Vamos dançar Sussa?

3 • Cantos na Sussa

Página 13

Referente ao canto que se manifesta durante a sussa, podemos observar nas letras das cantigas relações com a vida cotidiana no meio rural , relações com a natureza: chuva, poeira, plantações, animais que vivem no ambiente e ainda temáticas religiosas , invocação a Deus, louvor a natureza... Siqueira(2006) relata que algumas letras são jocosas, apresentam duplo sentido e falam em tom lúdico sobre relações de gênero, como uma sobre a saia que se molhou, a formiga cuja picada dói , ou um papudo cujo papo se molhou na chuva.

Dentre as canções transcritas pelas mulheres kalungas, podemos identificar uma canção para pedir chuva, cantada por Marta que traz a reverencia ao boi, que está inerente tanto no mundo rural sertanejo quanto nas cosmologias banto africanas.

" Chove chuva, hoje! Pra meu beber! Chove chuva, hoje! Pra meu boi beber. Pra nascer capim morena, pra meu boi comer… boi, boi, boi sinhá, boi boi, boi sinhá…“ (Marta Kalunga)

Já na proposta do grupo de sussa, coordenado por Vanderléia dos Santos Rosa, os cantos da sussa incluem letras de músicas não apenas das tradições kalungas, mas inclui letras de músicas que foram compostas por crianças e adolescentes pertencentes ao grupo Flores e frutos do quilombo kalunga. Vanderléia inclui ainda no grupo músicas que foram aprendidas em grupos de movimentos sociais, como do “movimento sem-terra”, que expressam temas sobre a luta pela terra e ainda temáticas afro-brasileiras, onde se valoriza a cultura e identidade negra, combatendo o racismo e os preconceitos.

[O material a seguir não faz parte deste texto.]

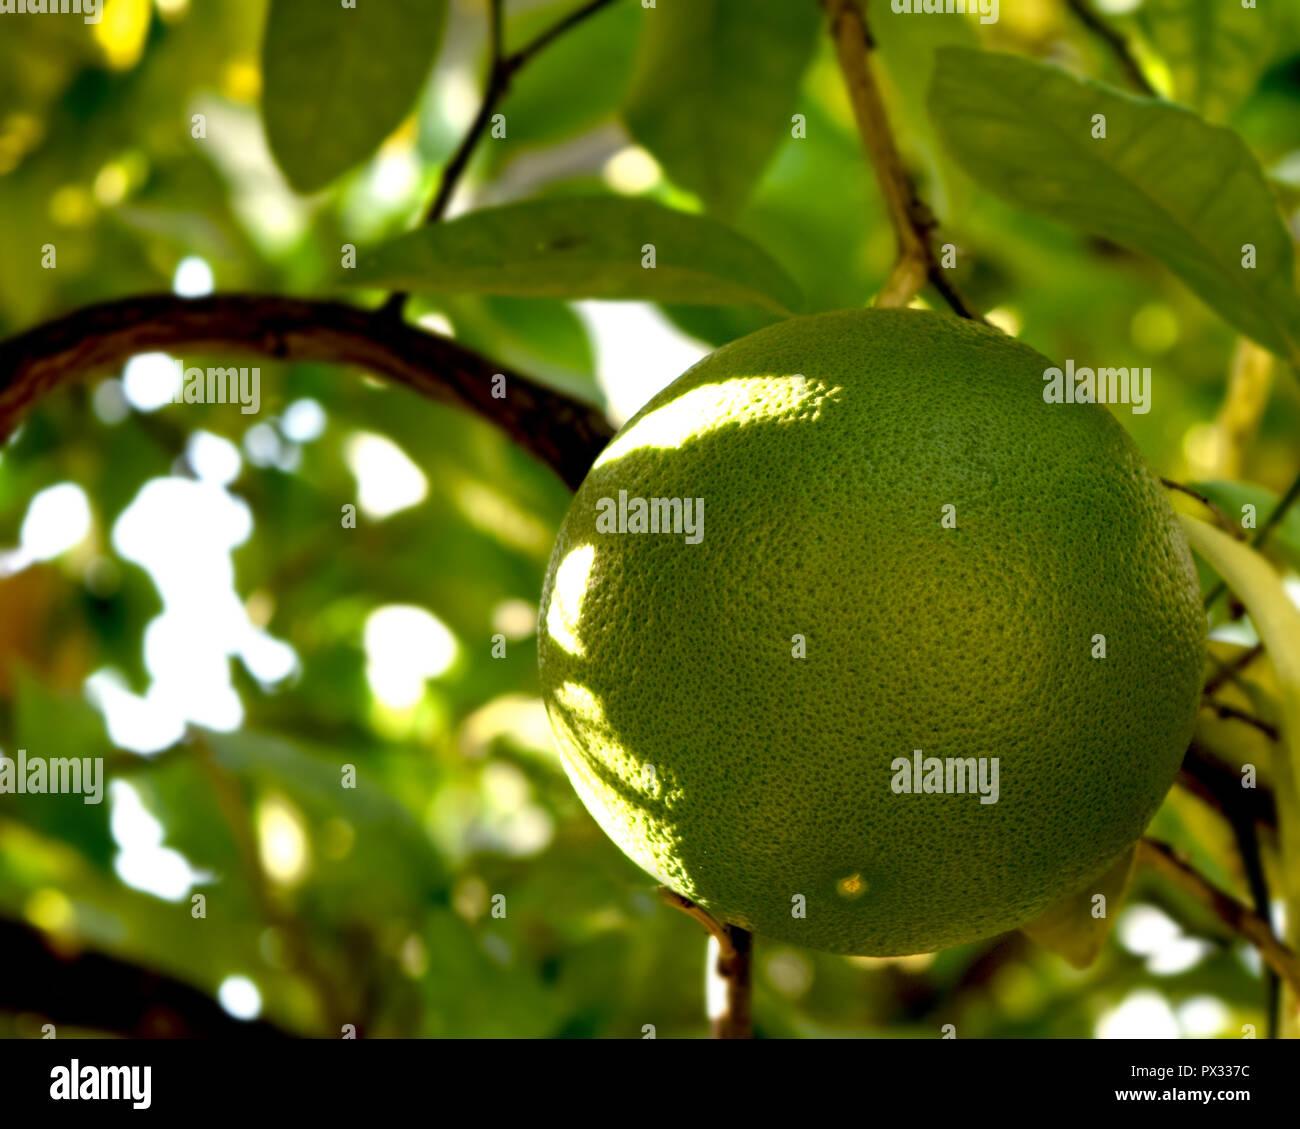 Grapefruit Nahaufnahme Obstbaum Sonnigen Tag Stockbild

Vanderléia aponta para uma música de sussa que não gosta com a seguinte letra:

…" Duas vezes sete é quatorze, três vezes sete é vinte é um. Quem casar com moça preta enche a casa de anu. Eu vou sabiá, sabiá eu vou... Você vai mais eu? Eu vou sabiá, sabiá eu vou…

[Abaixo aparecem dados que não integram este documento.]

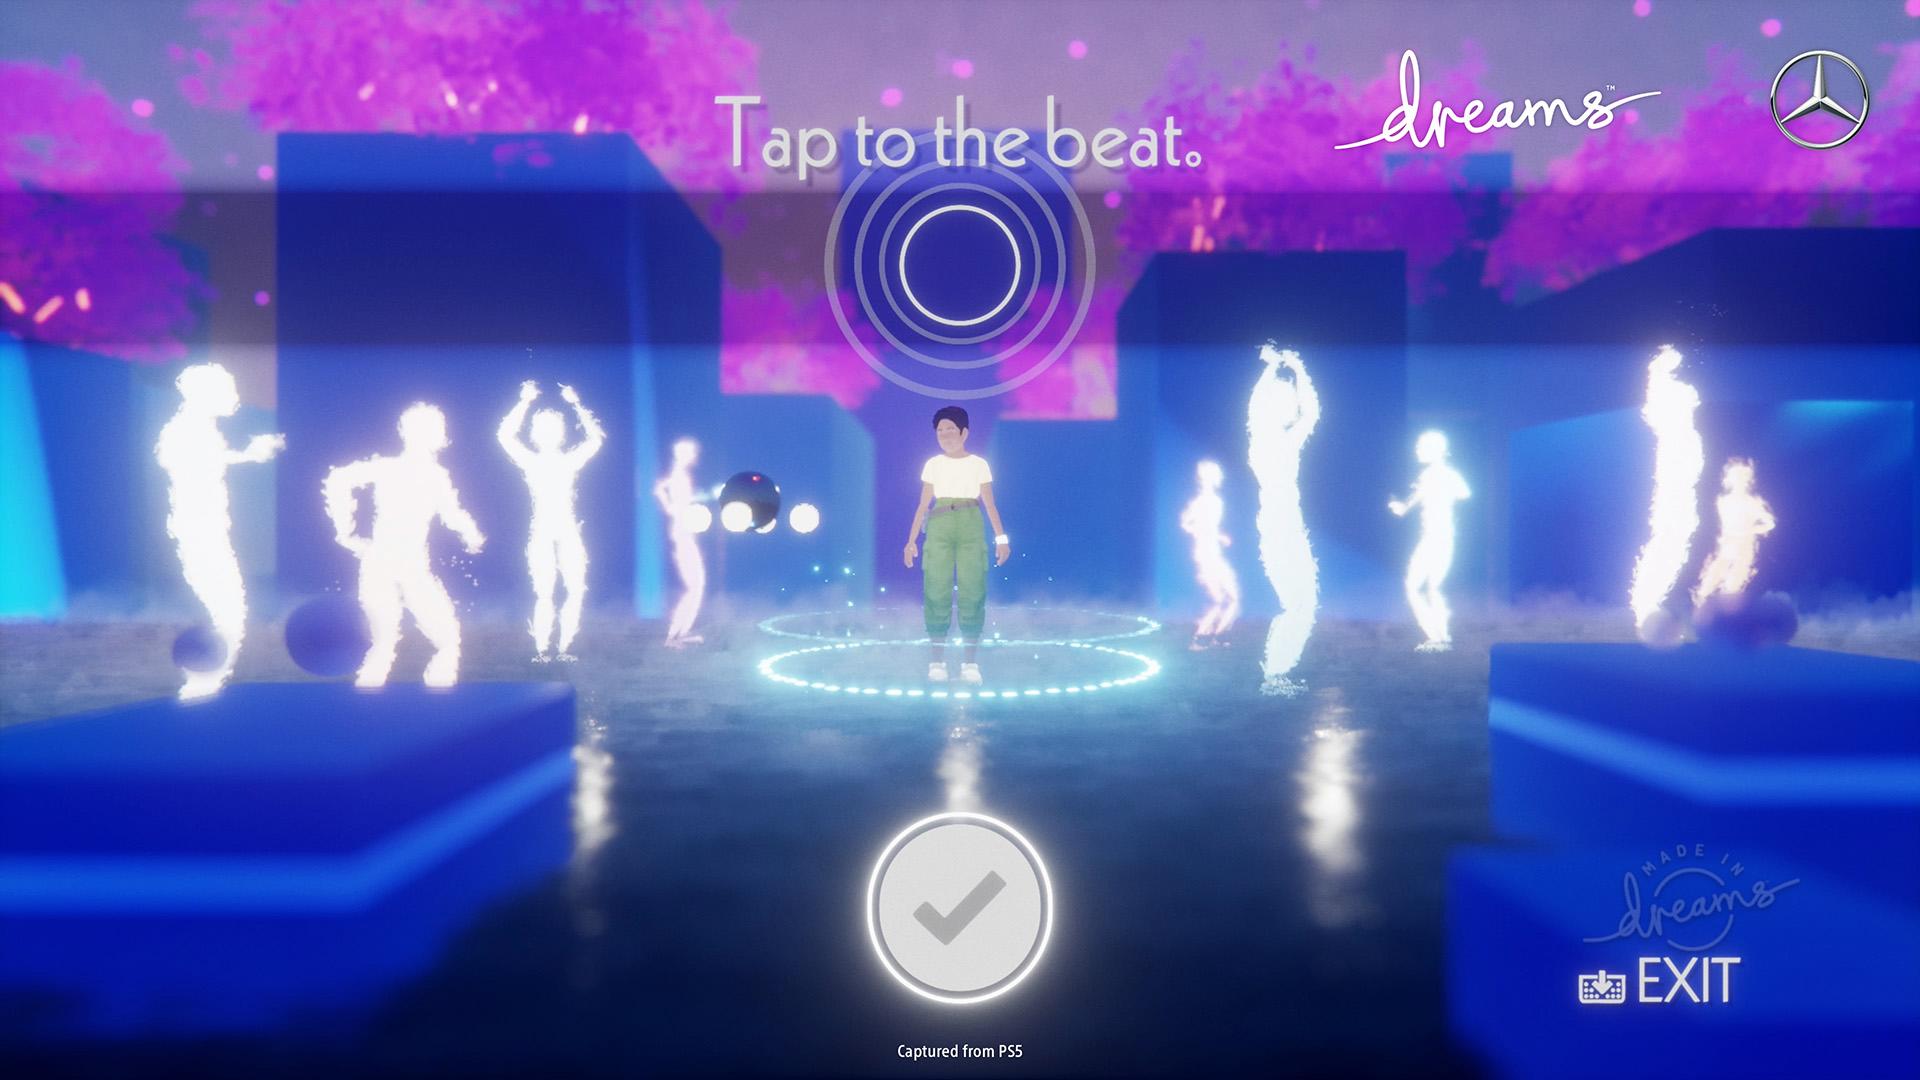 Une capture d'écran du jeu de rythme de la collaboration Dreams et Mercedes-Benz.

Na canção o anu é colocado como um bicho preto e agourento, assim cantando esta música Vanderléia analisa que pode ter sido uma reprodução de uma fala que não partiu da comunidade.

“Quem casar com moça preta enche a casa de anu” aí quem é o anu? Anu é os filhos que vão nascer todos pretinho! E aí que representava um agouro. Aí essa é a única que eu não gosto, eu detesto! Eu falo que se na época eu visse alguém cantando, eu ia falar assim, corta! Isso não é para nós, por quê se casar com moça preta, não tem problema encher a casa de anu. Porque a gente hoje não vê o preto como agourento como uma coisa ruim, tem que ver como uma coisa boa, né”. (Vanderléia)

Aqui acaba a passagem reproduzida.